Models with Mixture of Experts (MoE) route tokens across hundreds of expert sub-networks. Efficient training demands fusing expert matrix multiplications into one kernel, sharding weights across GPUs, and overlapping communication with computation. General-purpose libraries do not provide this infrastructure out of the box.

Transformers v5 introduced first-class MoE support, including expert backends, dynamic weight loading, and tensor parallel plans. It also integrated PyTorch’s DeviceMesh directly into the from_pretrained function to make distributed training easier.

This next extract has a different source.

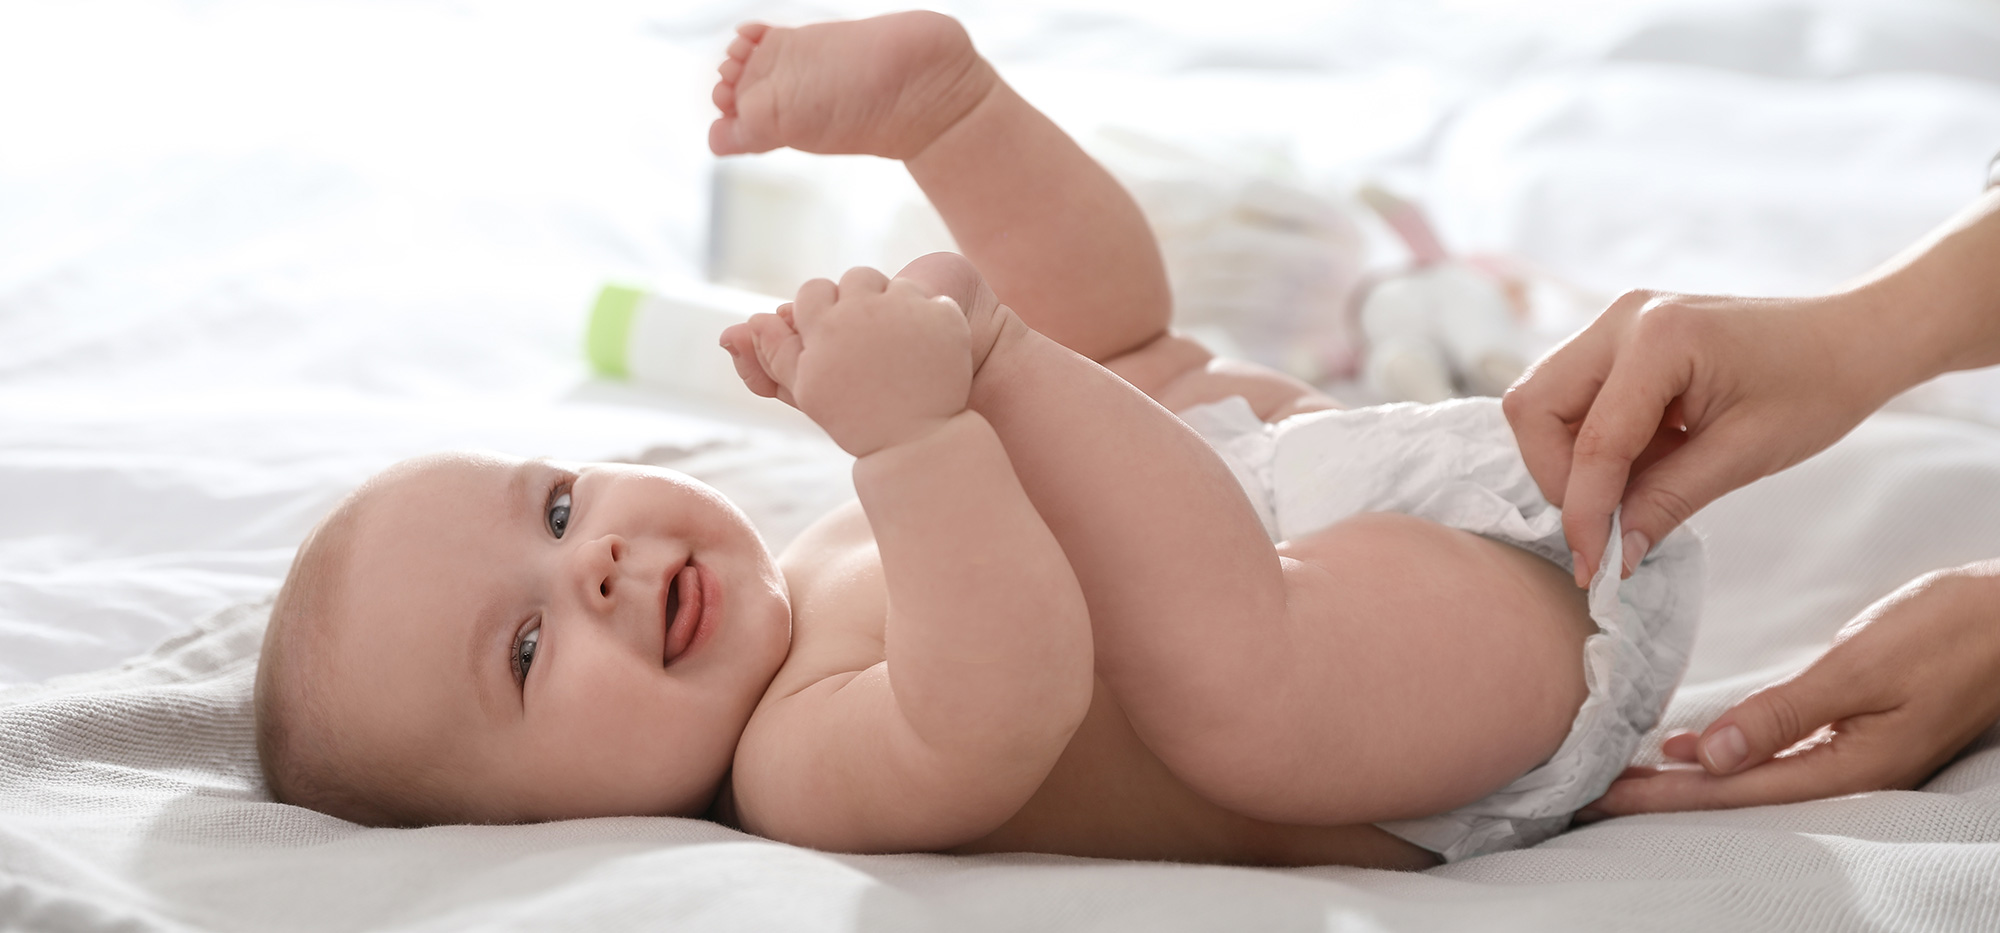 Everything you need to know about your child’s diaper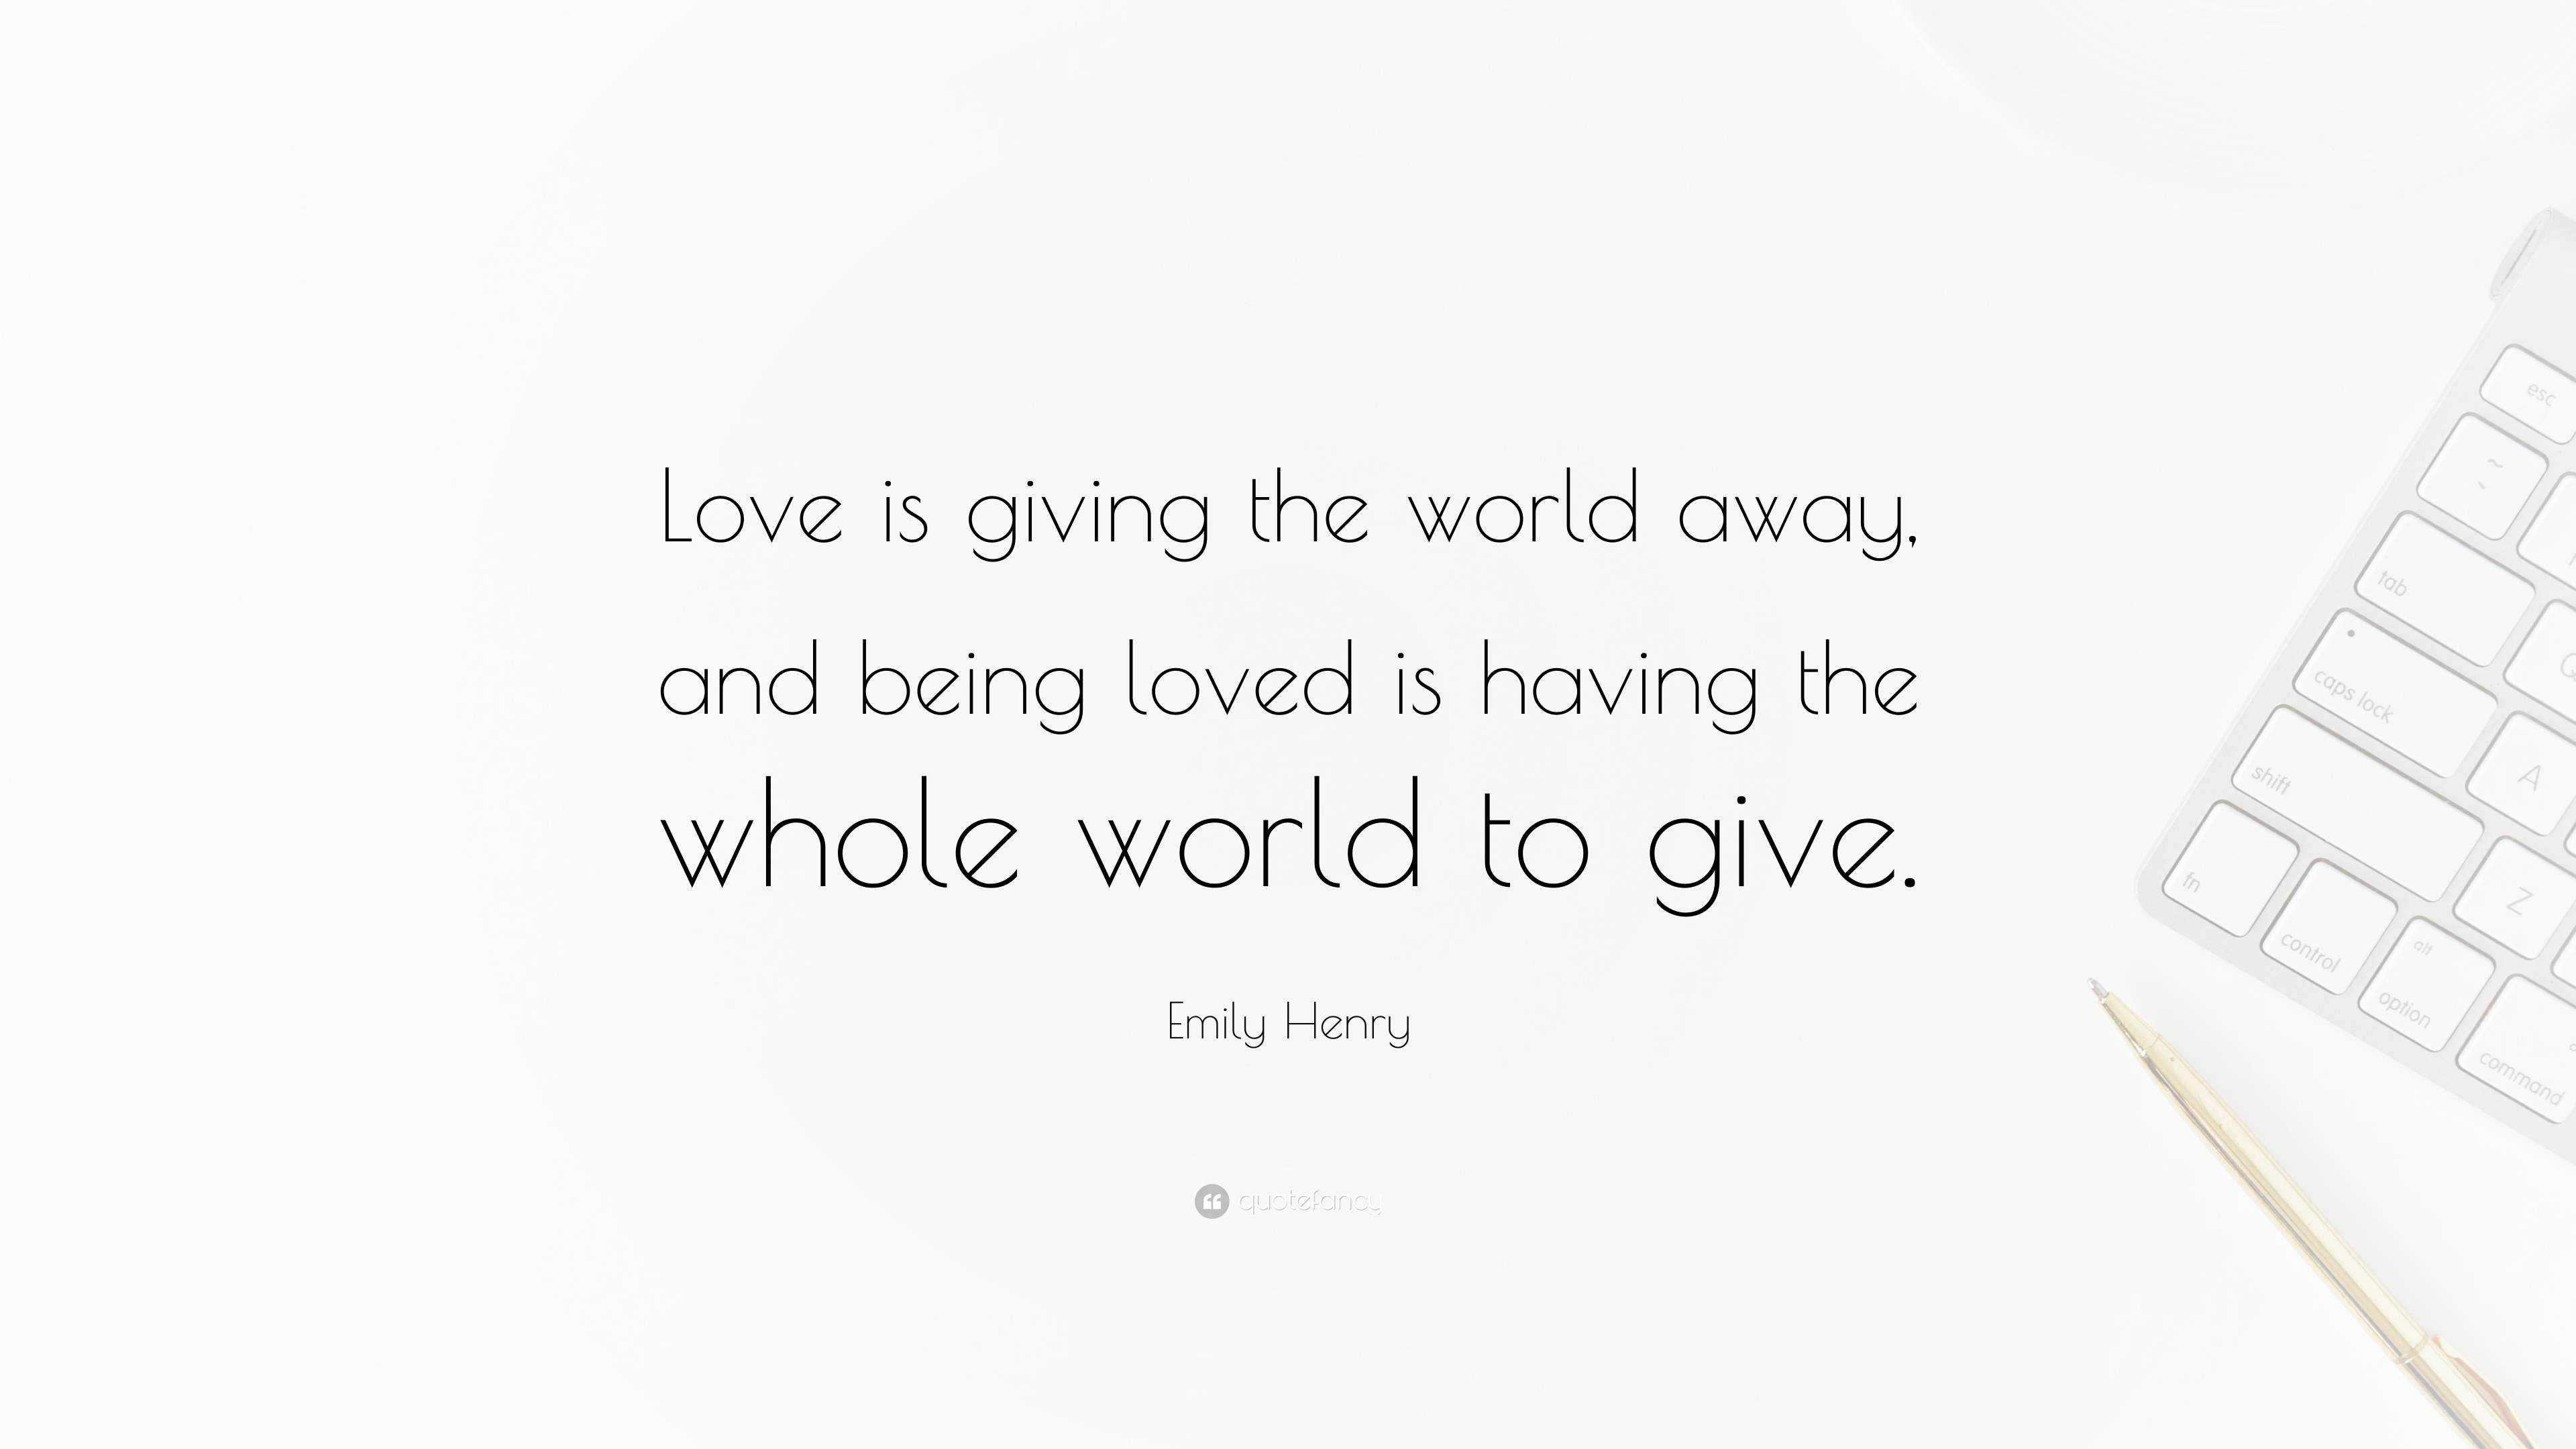 Emily Henry Quote: “Love is giving the world away, and being loved is

NeMo AutoModel builds on v5 by subclassing AutoModelForCausalLM. It adds Expert Parallelism, DeepEP fused all-to-all dispatch, and TransformerEngine kernels. DeepEP overlaps communication with expert compute, a capability missing in v5. The library relies on v5’s reversible weight conversion to load models, focusing engineering on reusable core operations rather than per-model checkpoint plumbing. The save_pretrained function still emits standard HuggingFace checkpoints compatible with tools like vLLM and SGLang.

Same API, more performance

NeMo AutoModel subclasses AutoModelForCausalLM to ensure API compatibility with the HuggingFace Transformers community. Code that works with HF models works with AutoModel.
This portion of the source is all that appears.